_What is being asked_:
Go to the line holding "Bí thư T.Ư Đoàn, Chủ" in the data below and repeat it exactly, then each line after it up to and including the one holding "Zara Perfume Collection". Omit pictures.

_Available data_:
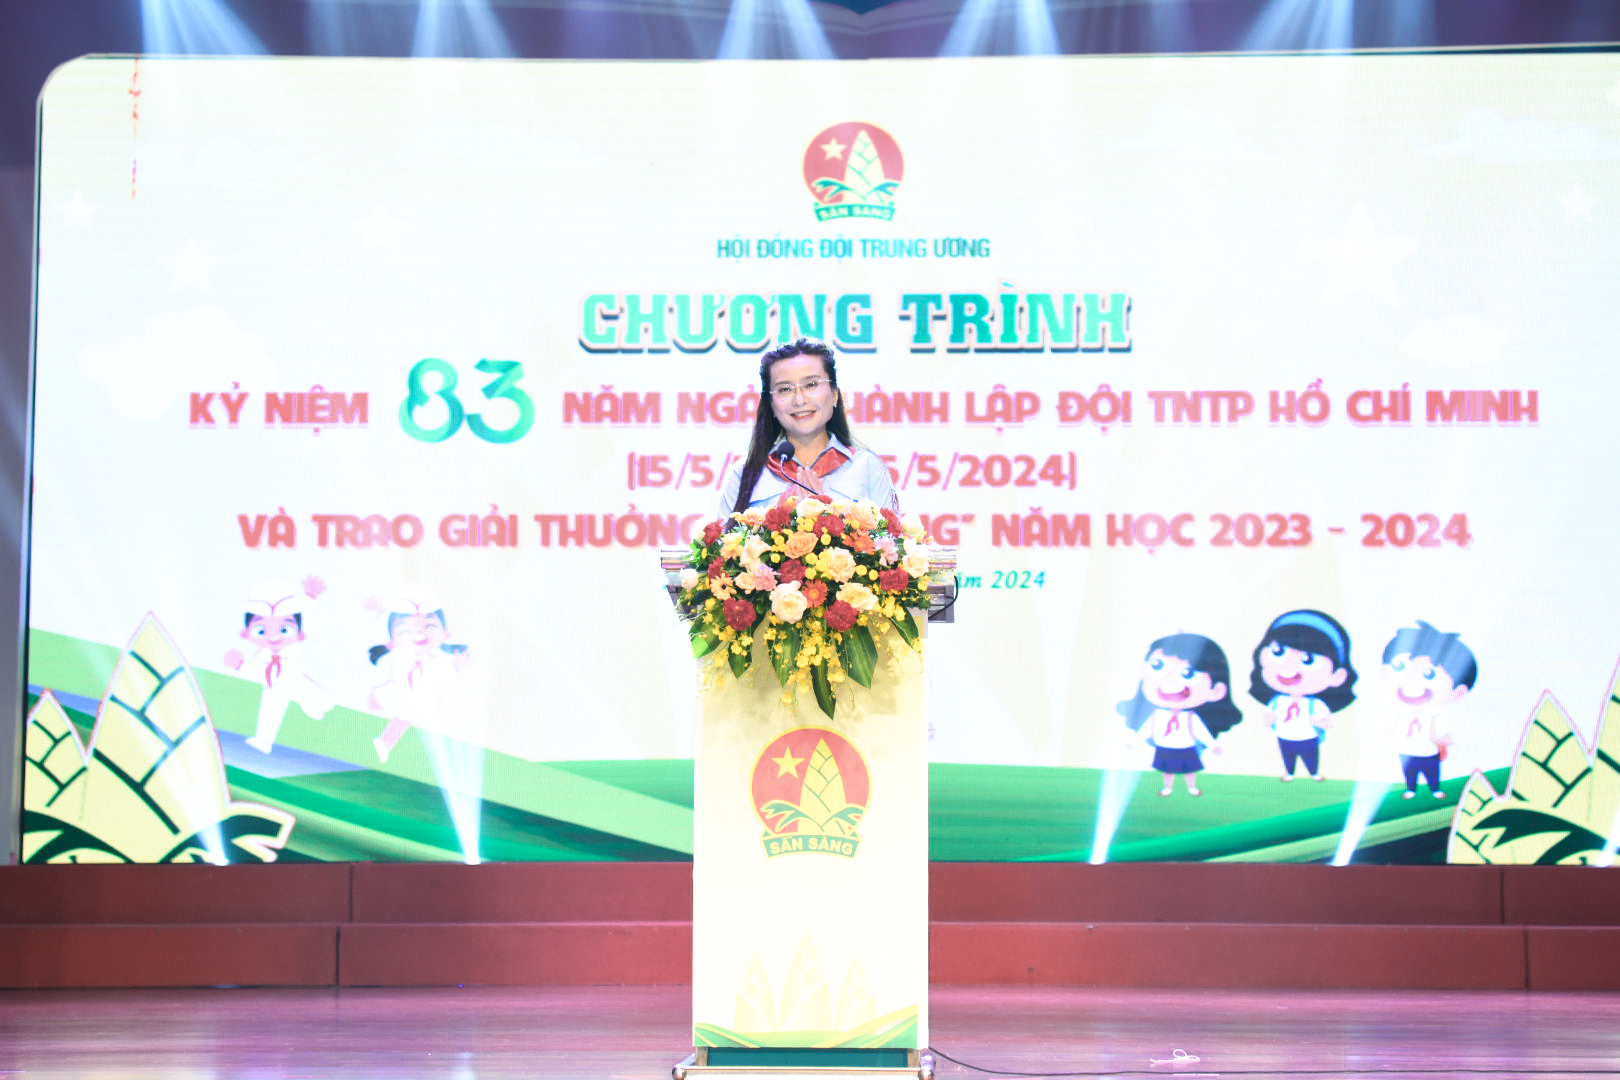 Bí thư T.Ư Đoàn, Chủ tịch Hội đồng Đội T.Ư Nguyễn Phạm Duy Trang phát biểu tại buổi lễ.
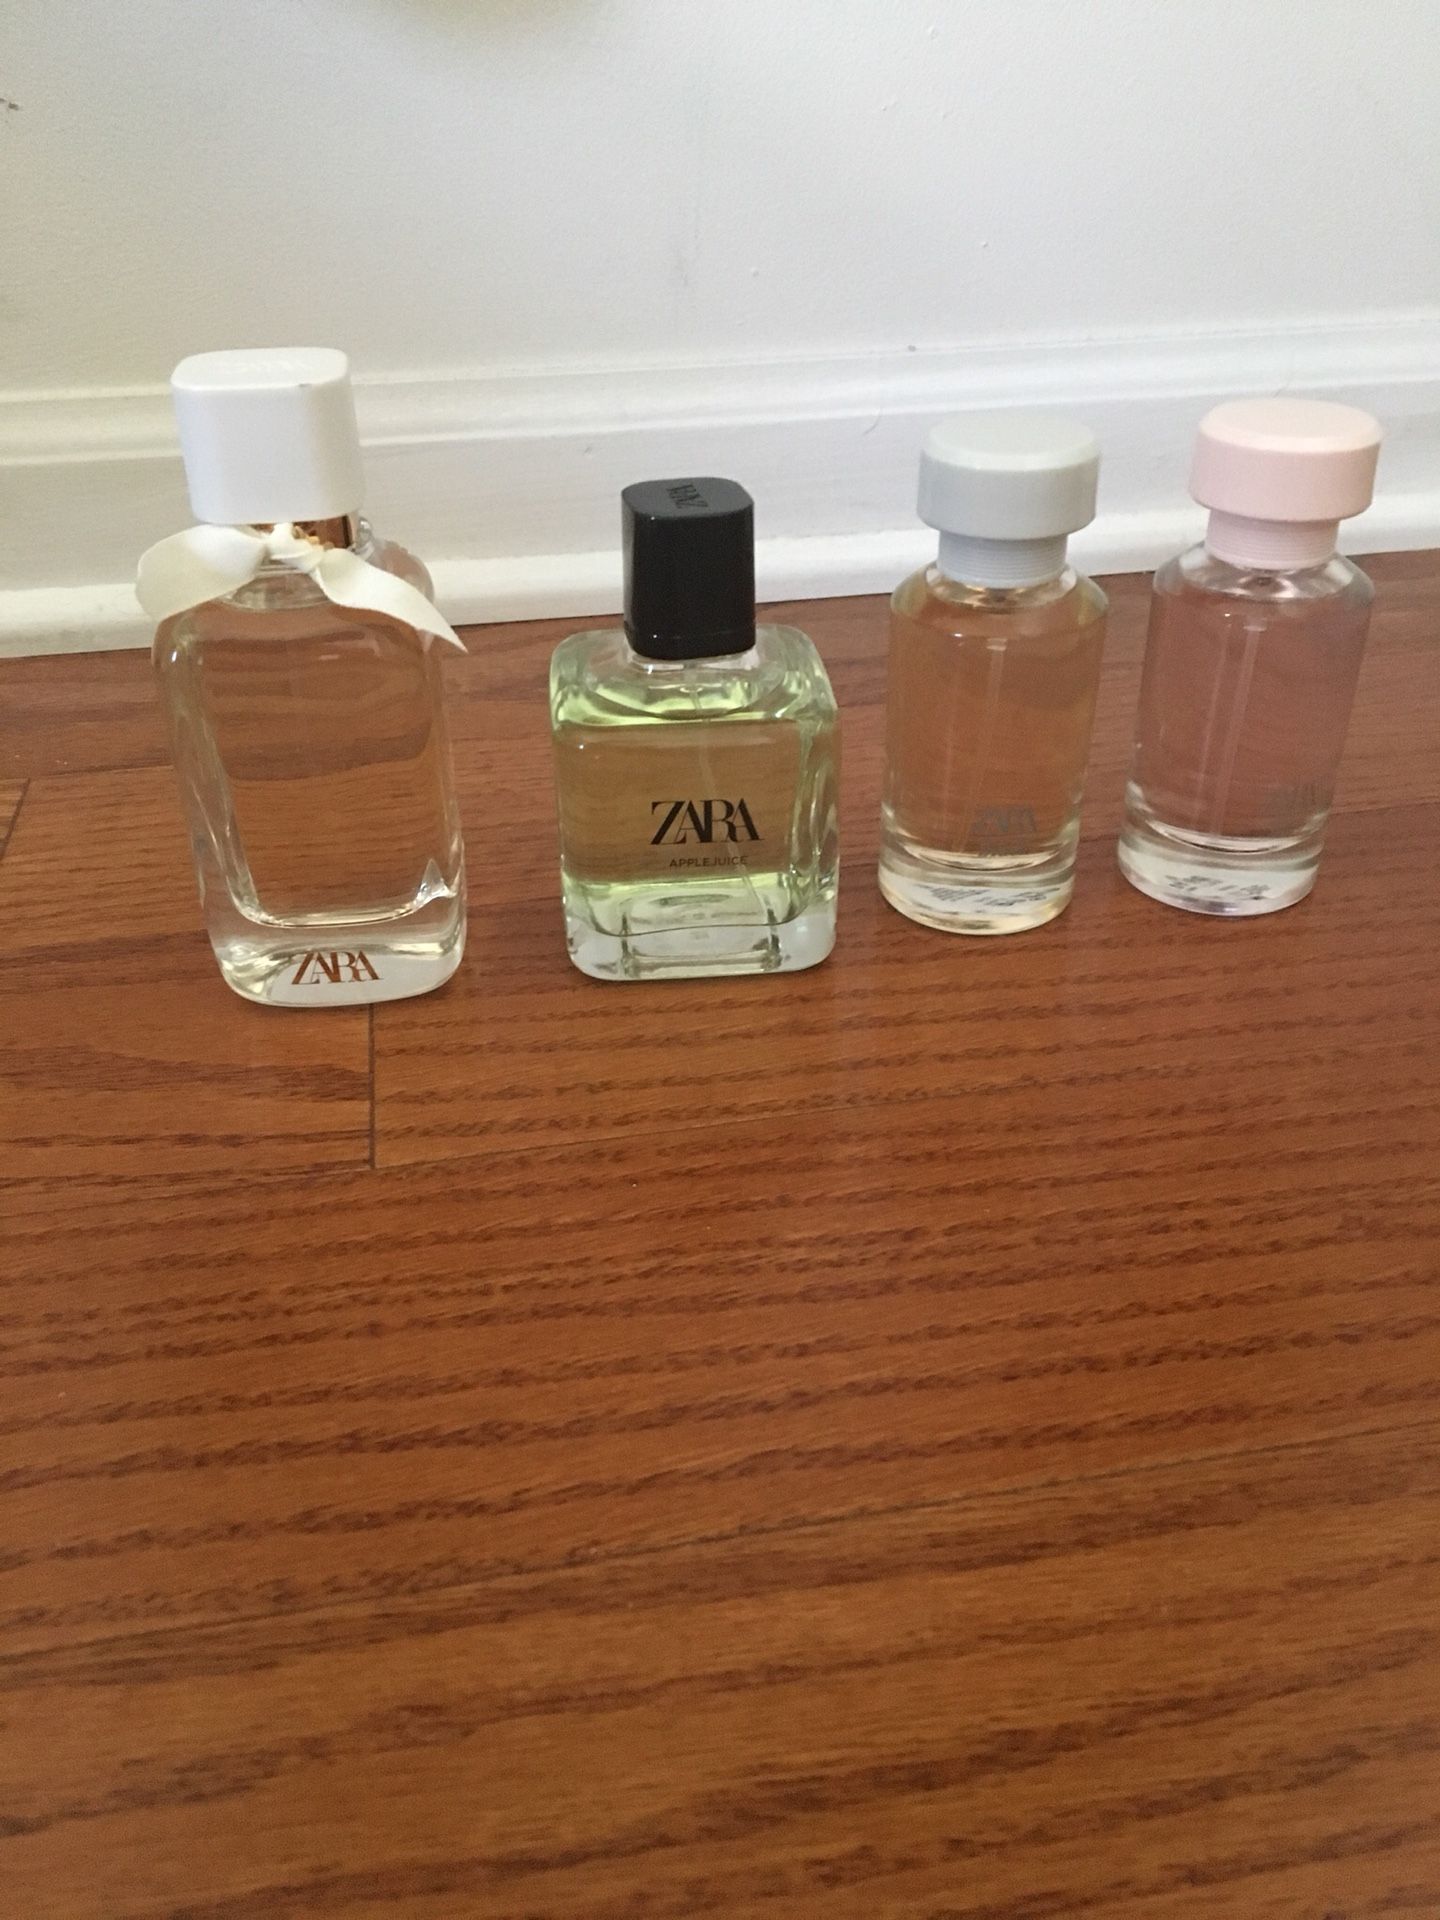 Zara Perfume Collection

==

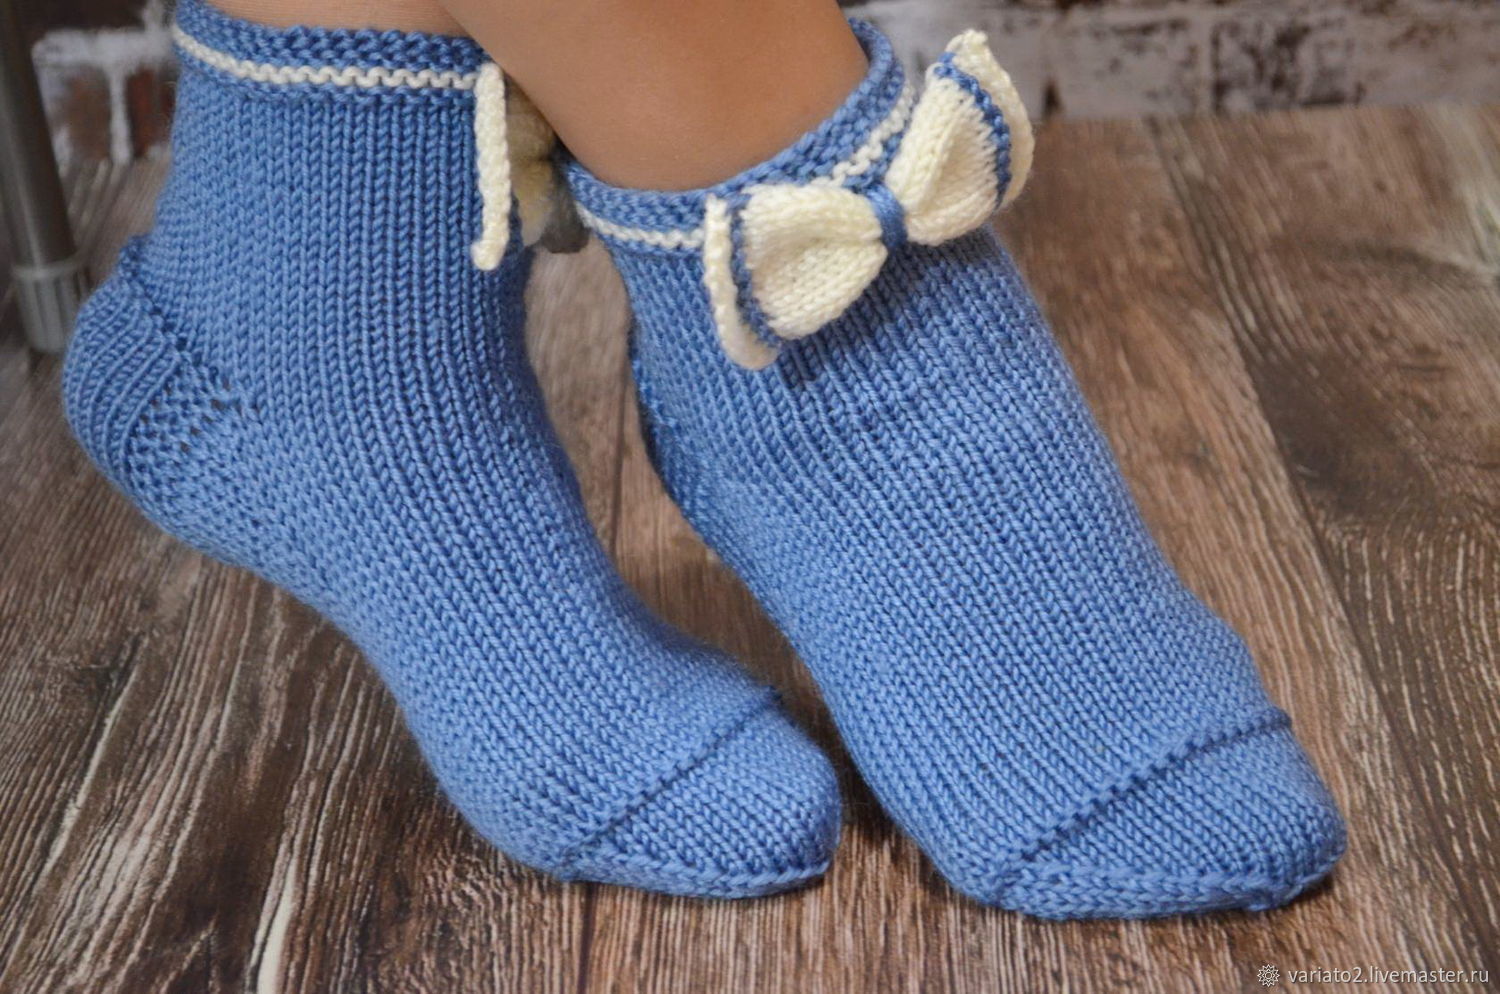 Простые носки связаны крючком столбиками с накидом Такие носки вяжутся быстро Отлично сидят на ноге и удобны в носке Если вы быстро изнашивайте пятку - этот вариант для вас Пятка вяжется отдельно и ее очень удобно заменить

* * *

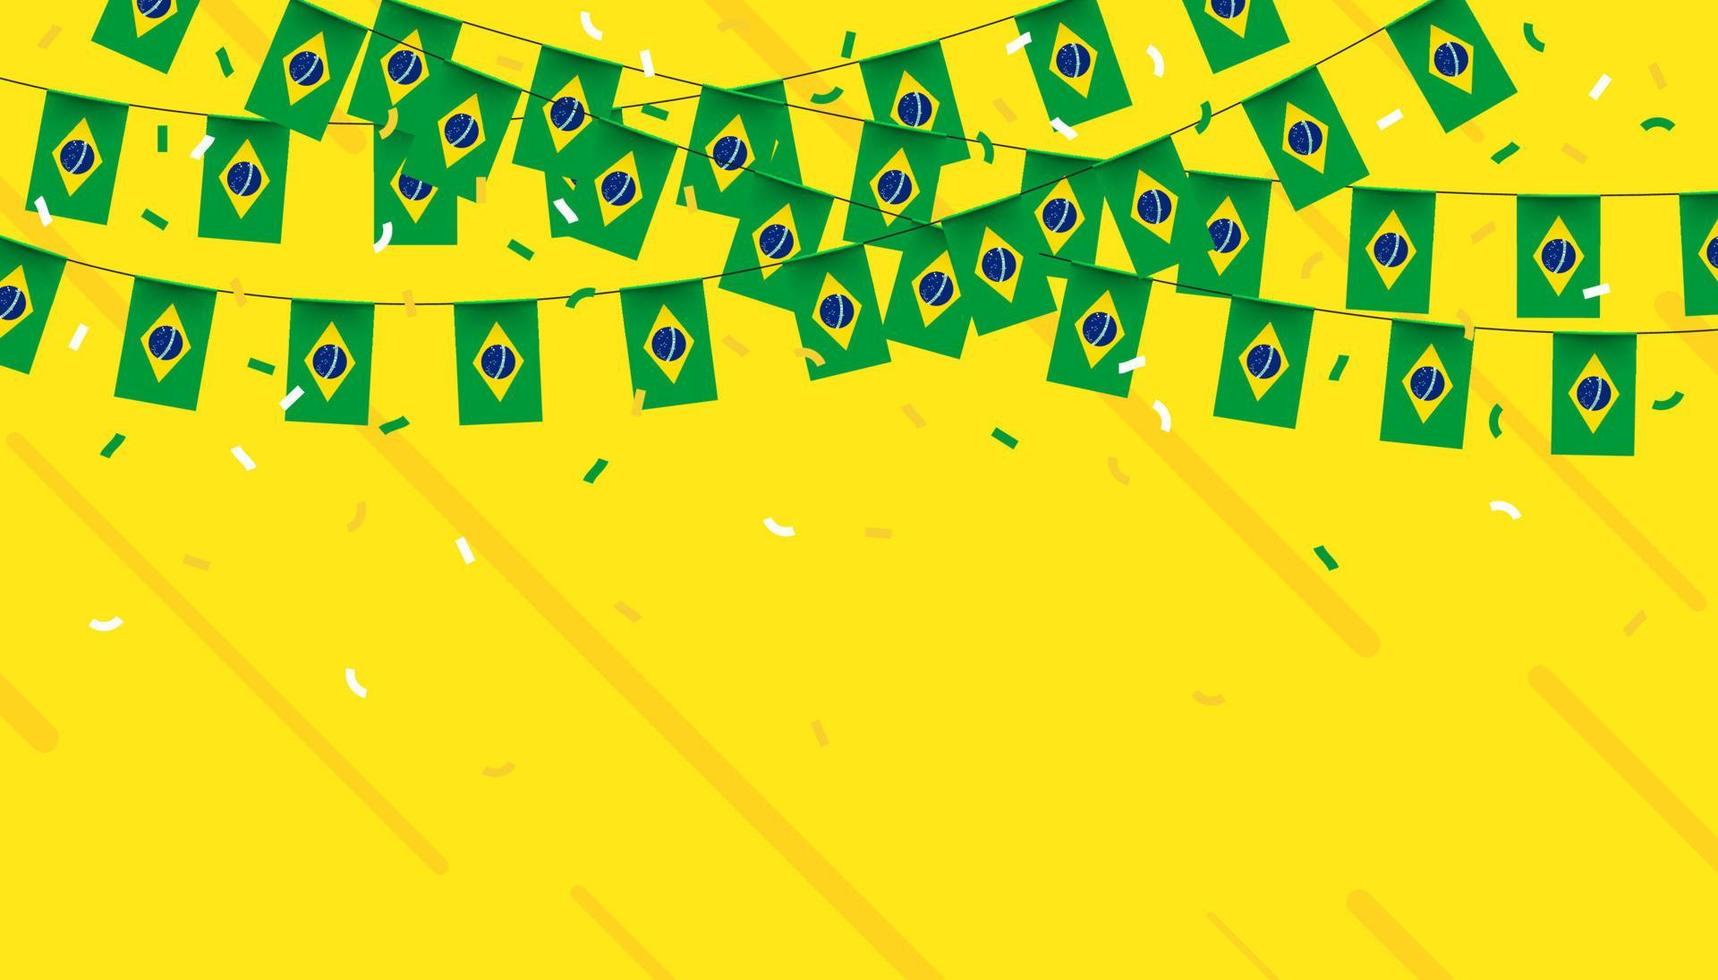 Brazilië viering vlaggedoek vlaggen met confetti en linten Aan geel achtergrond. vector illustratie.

_Exercise answer_:
 Bí thư T.Ư Đoàn, Chủ tịch Hội đồng Đội T.Ư Nguyễn Phạm Duy Trang phát biểu tại buổi lễ.
 Zara Perfume Collection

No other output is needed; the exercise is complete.